Assignment: Reproduce all of the data exactly. Images are not to appear in the reply.

Data shown:
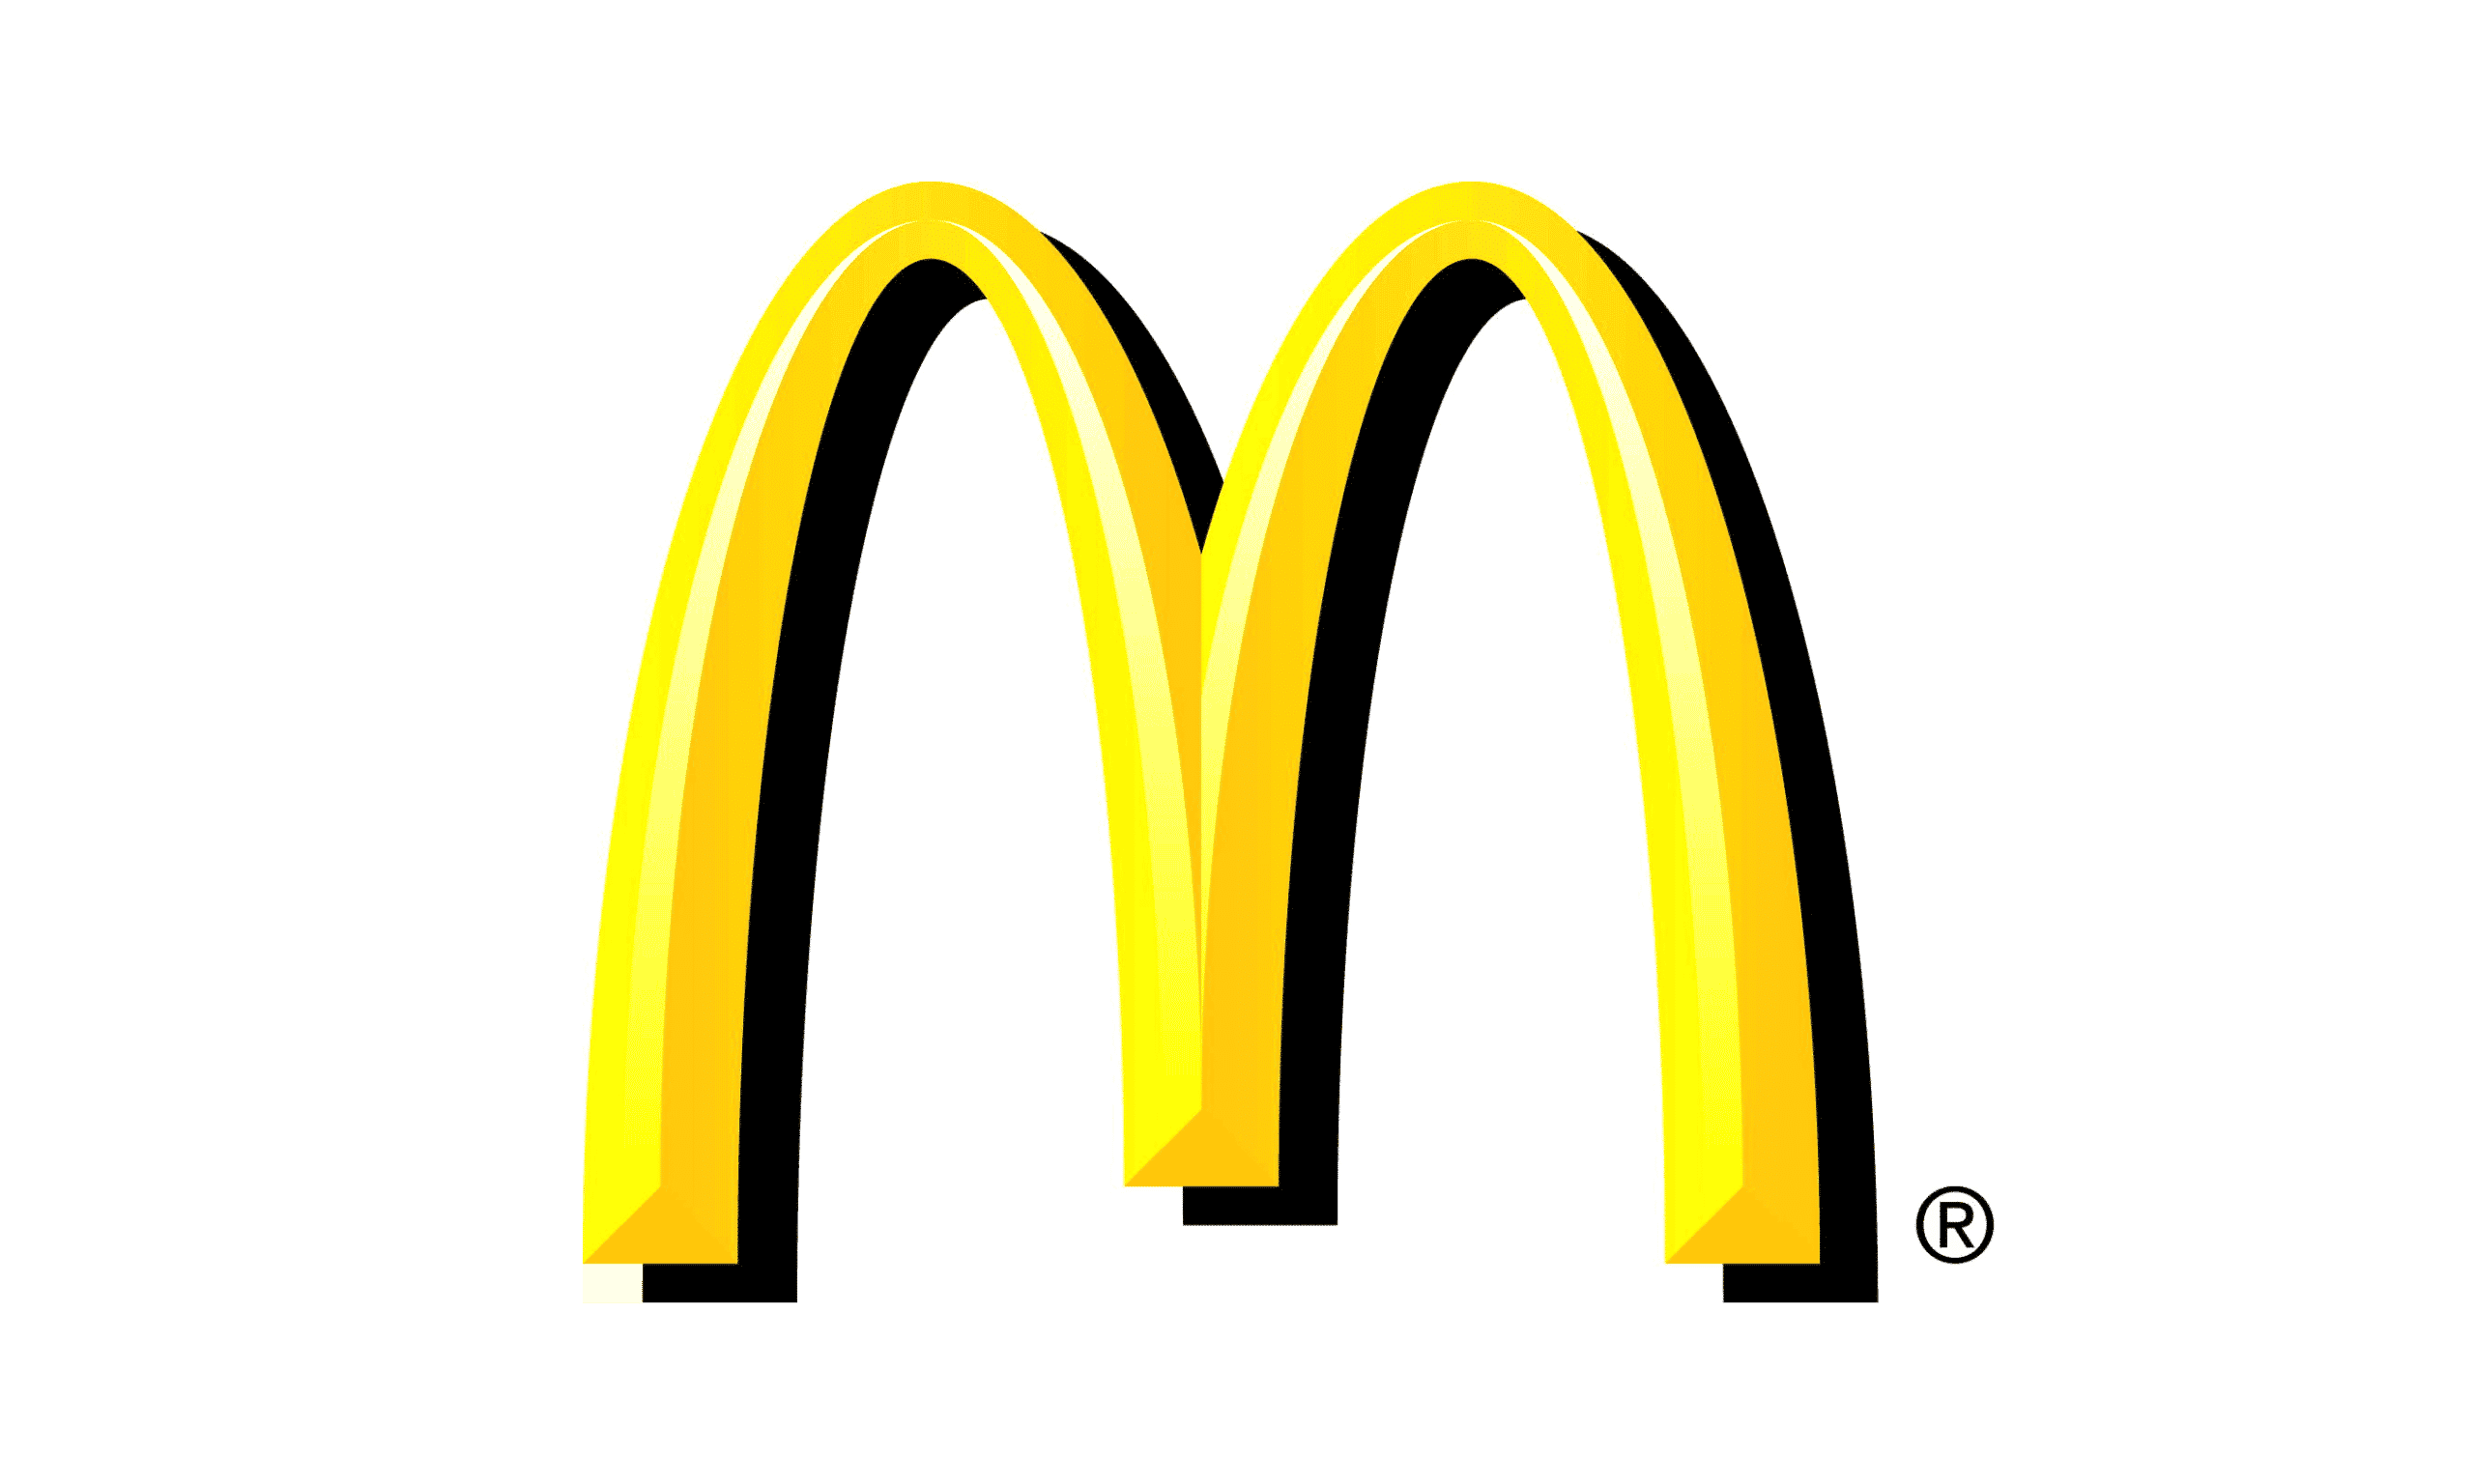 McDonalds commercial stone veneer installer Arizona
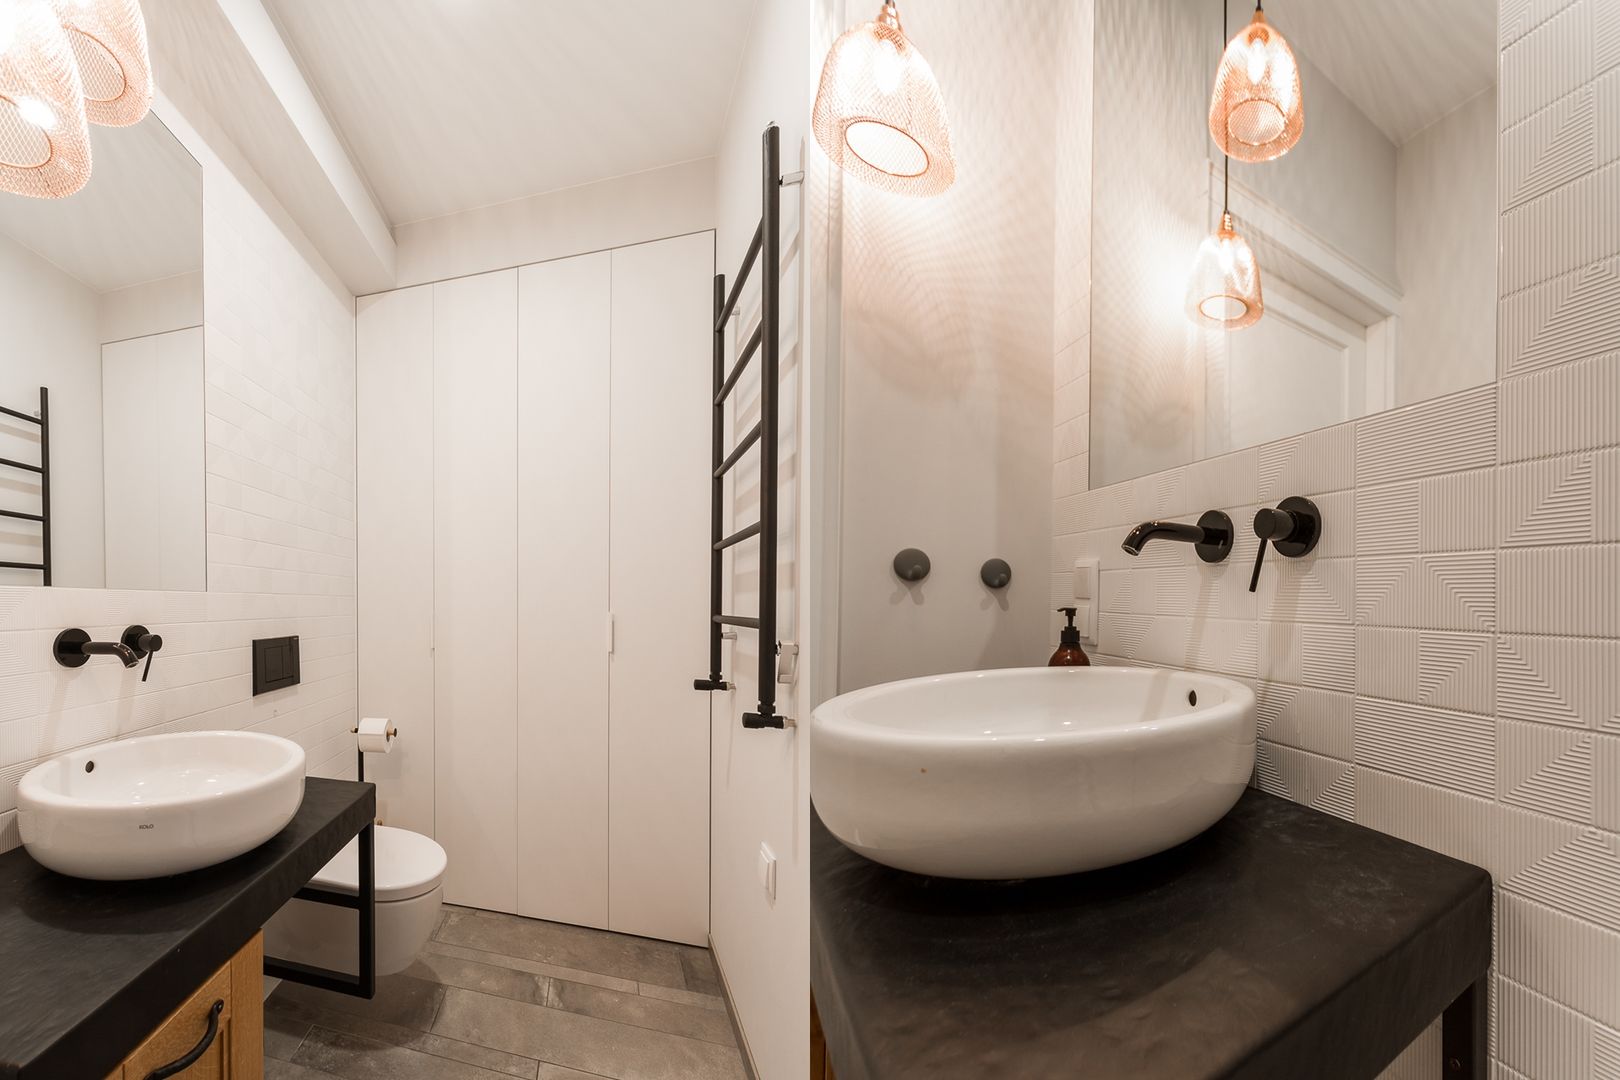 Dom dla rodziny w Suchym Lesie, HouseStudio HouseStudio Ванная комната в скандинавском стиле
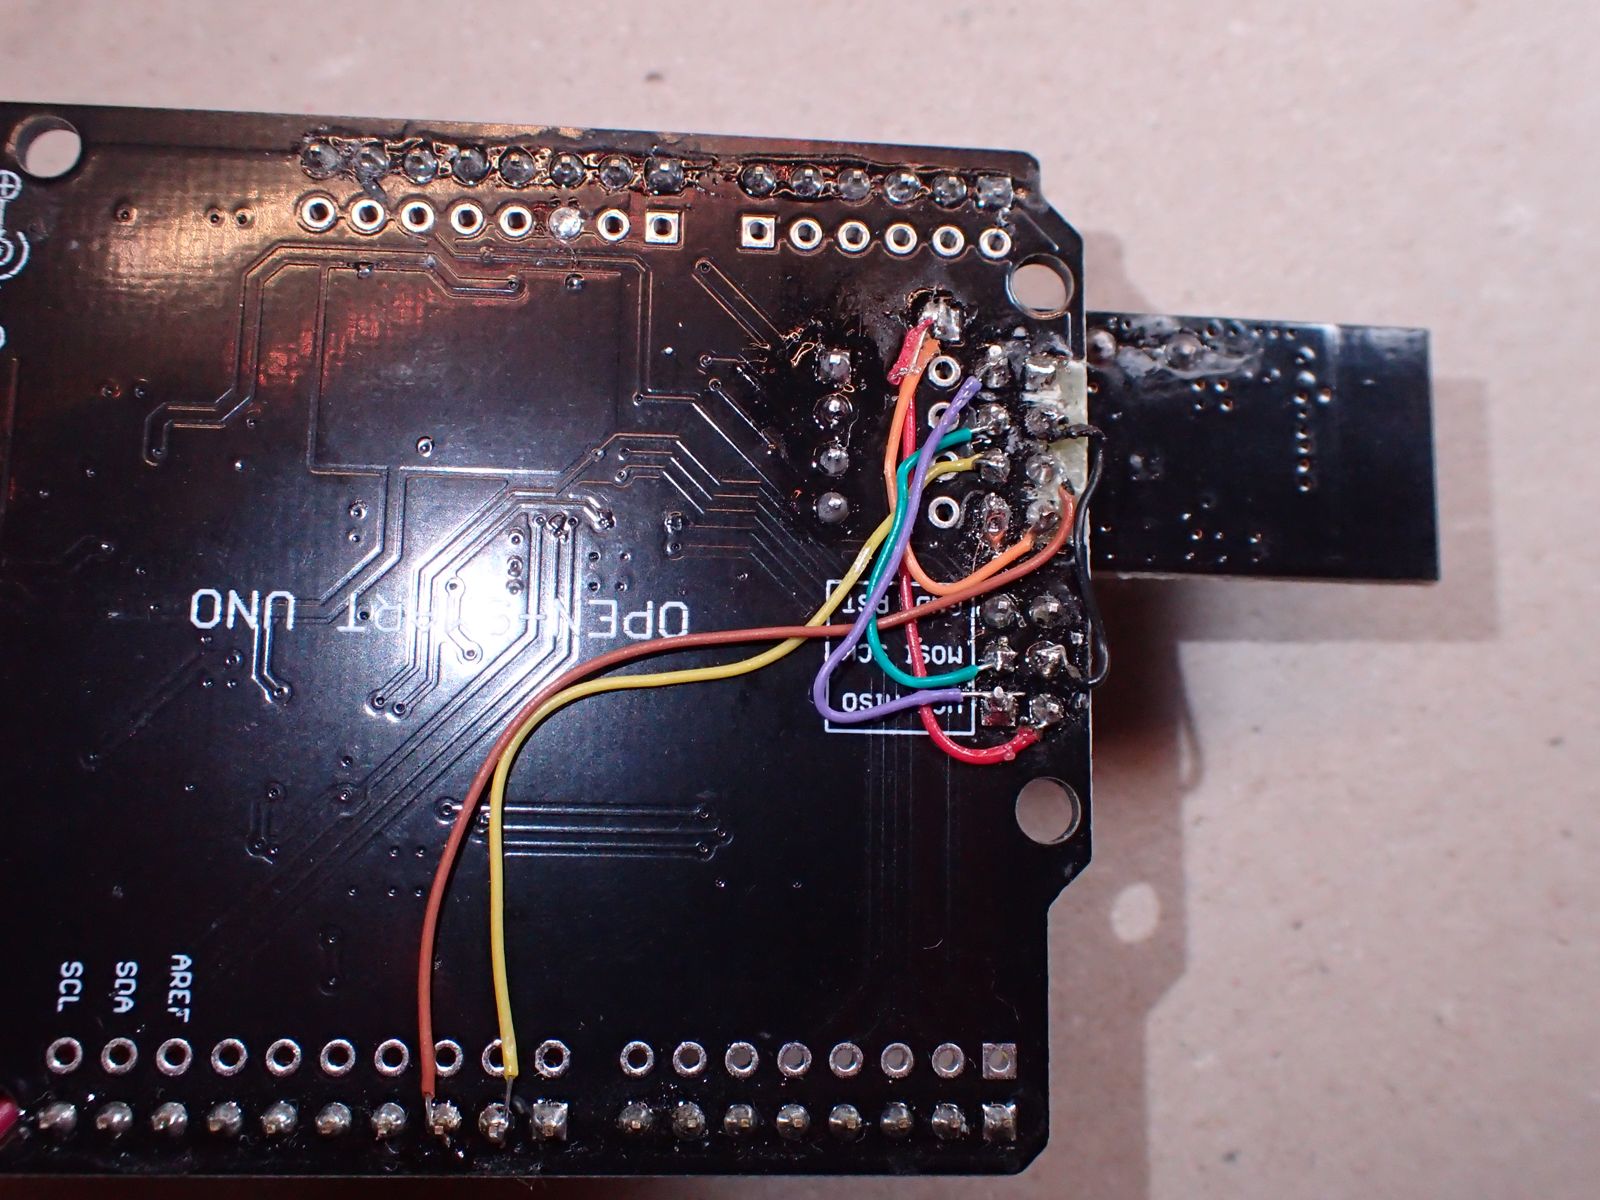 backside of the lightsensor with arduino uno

Response area:
 McDonalds commercial stone veneer installer Arizona
 Dom dla rodziny w Suchym Lesie, HouseStudio HouseStudio Ванная комната в скандинавском стиле
 backside of the lightsensor with arduino uno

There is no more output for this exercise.